*** Block opens ***

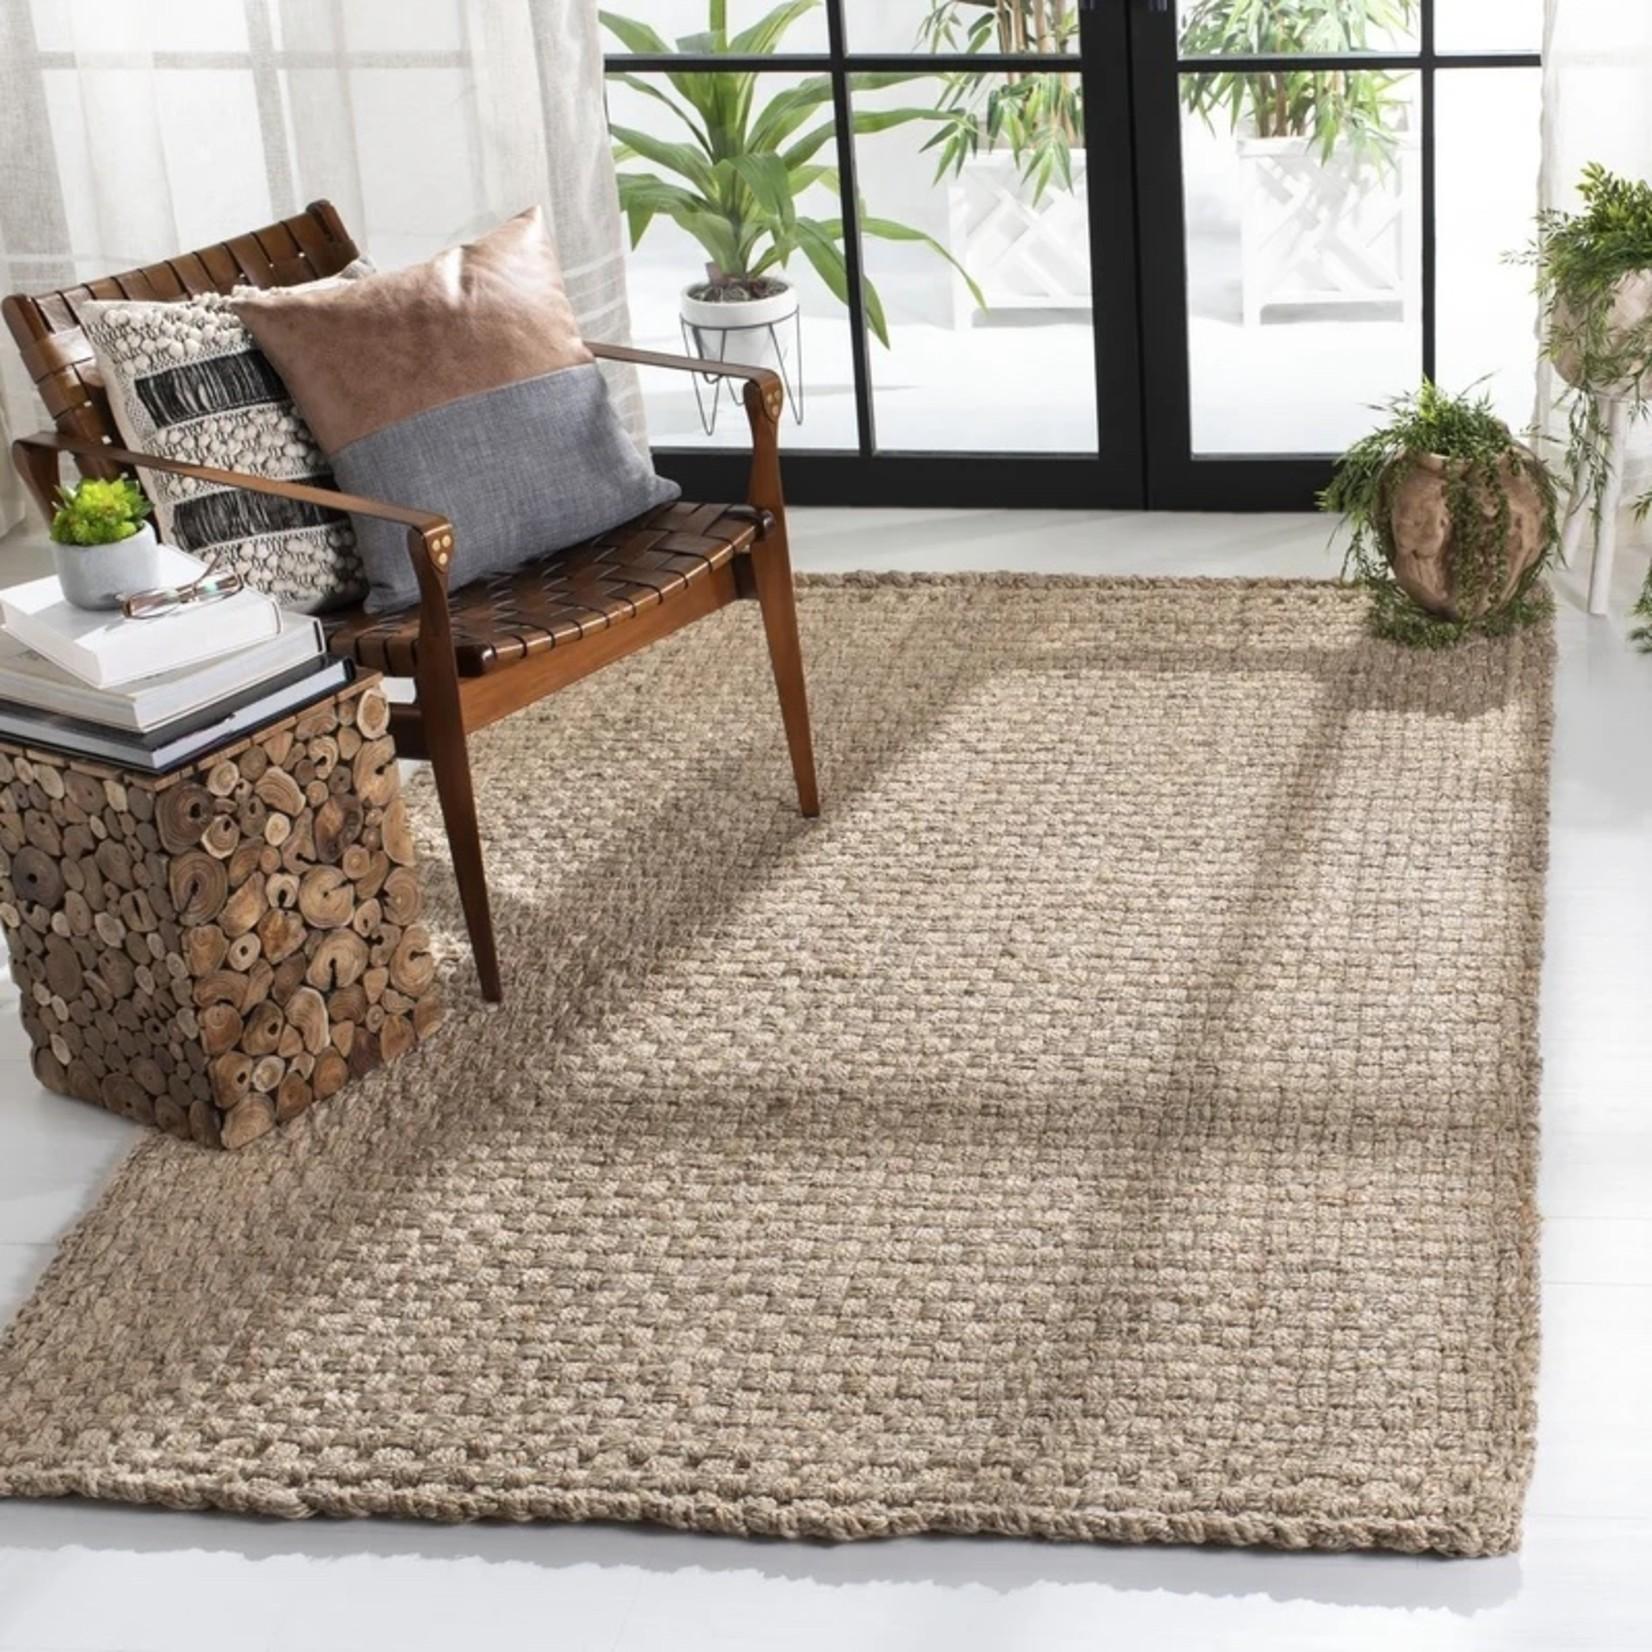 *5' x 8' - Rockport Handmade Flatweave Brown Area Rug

*** Block closes ***
*** Block opens ***

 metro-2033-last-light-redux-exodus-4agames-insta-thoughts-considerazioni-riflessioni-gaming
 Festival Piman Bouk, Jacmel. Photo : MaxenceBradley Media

*** Block closes ***
*** Block opens ***

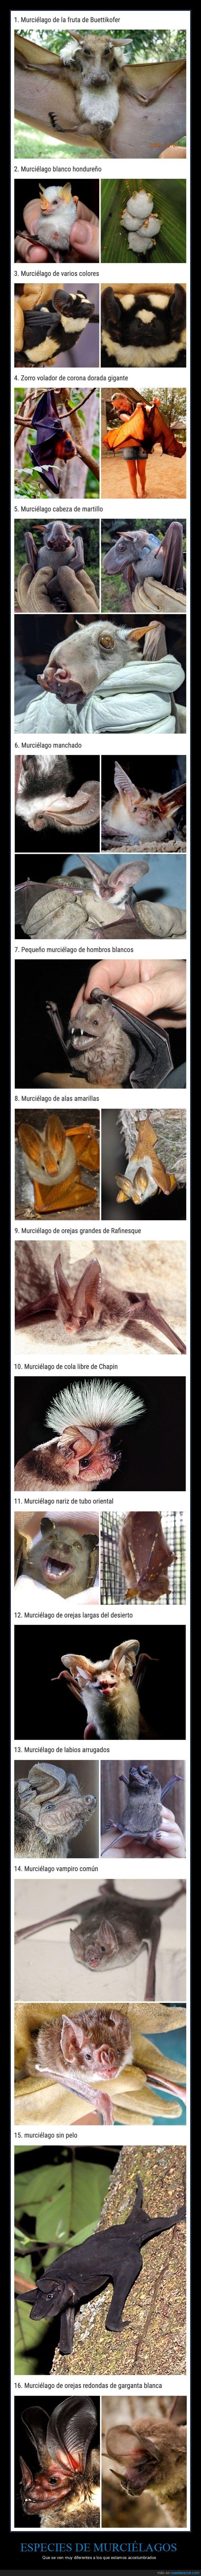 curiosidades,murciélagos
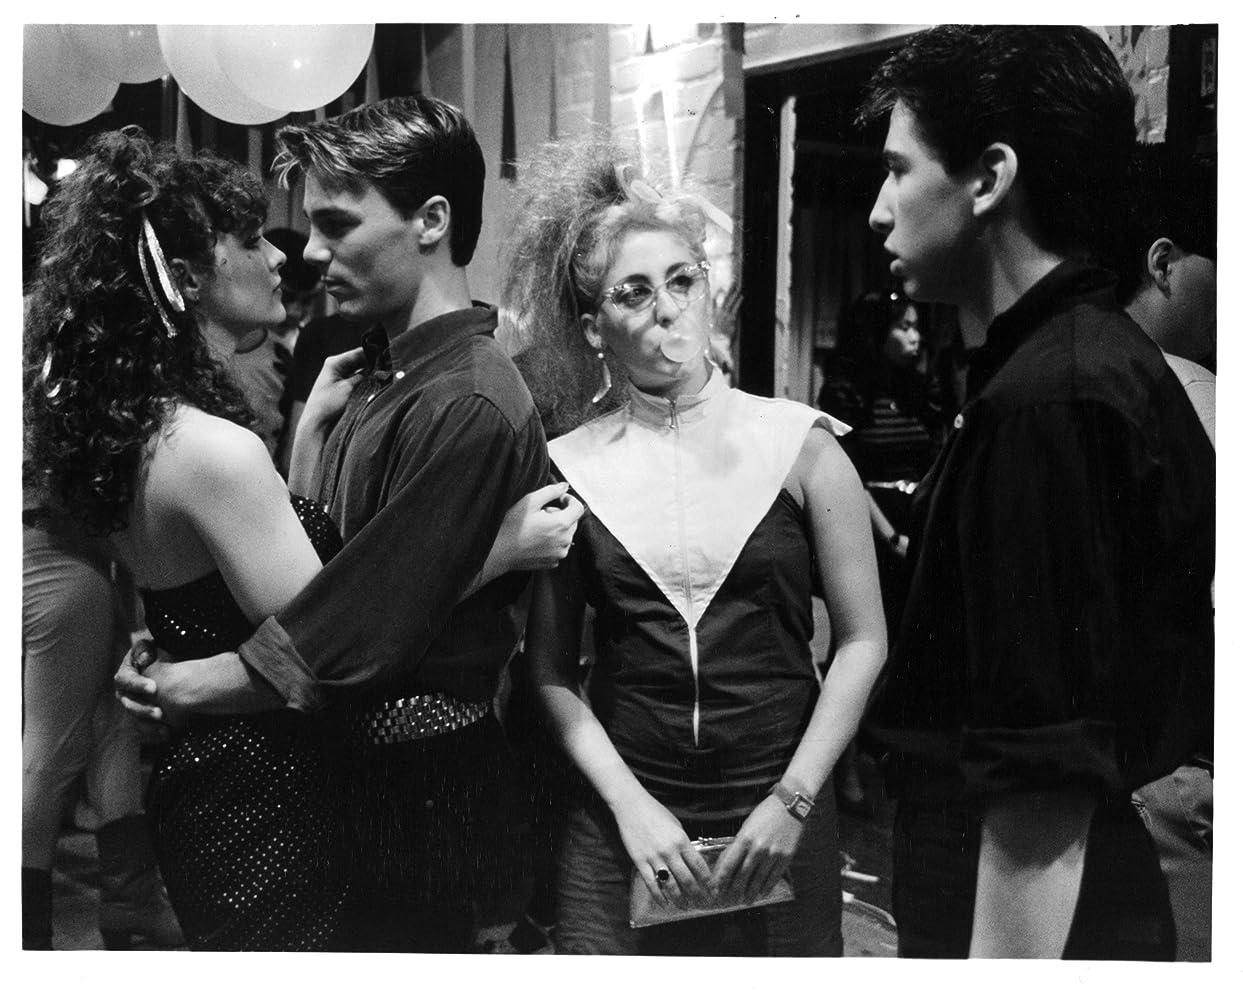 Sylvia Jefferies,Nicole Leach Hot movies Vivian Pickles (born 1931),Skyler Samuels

*** Block closes ***

Every line above between the one containing "curiosidades,murciélagos" and the one containing "Sylvia Jefferies,Nicole Leach", those two included, is to be printed exactly. No pictures go into the copy.

▶ **Exercise solution**
 curiosidades,murciélagos
 Sylvia Jefferies,Nicole Leach Hot movies Vivian Pickles (born 1931),Skyler Samuels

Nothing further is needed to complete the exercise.